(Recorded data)
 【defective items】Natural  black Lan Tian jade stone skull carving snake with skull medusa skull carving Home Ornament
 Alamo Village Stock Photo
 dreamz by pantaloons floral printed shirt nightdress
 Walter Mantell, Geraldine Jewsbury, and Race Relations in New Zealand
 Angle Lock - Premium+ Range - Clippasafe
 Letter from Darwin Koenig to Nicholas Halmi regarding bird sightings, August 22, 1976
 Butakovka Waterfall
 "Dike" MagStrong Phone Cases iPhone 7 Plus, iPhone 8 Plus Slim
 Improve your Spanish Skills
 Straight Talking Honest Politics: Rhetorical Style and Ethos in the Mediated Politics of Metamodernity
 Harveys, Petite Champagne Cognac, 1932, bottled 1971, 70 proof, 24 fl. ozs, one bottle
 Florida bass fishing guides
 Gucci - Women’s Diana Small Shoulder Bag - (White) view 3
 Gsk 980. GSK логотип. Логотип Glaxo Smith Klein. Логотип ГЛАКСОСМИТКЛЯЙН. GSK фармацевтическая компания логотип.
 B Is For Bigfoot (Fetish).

#### [What you should do]
From the line with "Florida bass fishing guides" through the final line of the records, return each line exactly. Leave out the rest.

#### [Exercise result]
 Florida bass fishing guides
 Gucci - Women’s Diana Small Shoulder Bag - (White) view 3
 Gsk 980. GSK логотип. Логотип Glaxo Smith Klein. Логотип ГЛАКСОСМИТКЛЯЙН. GSK фармацевтическая компания логотип.
 B Is For Bigfoot (Fetish).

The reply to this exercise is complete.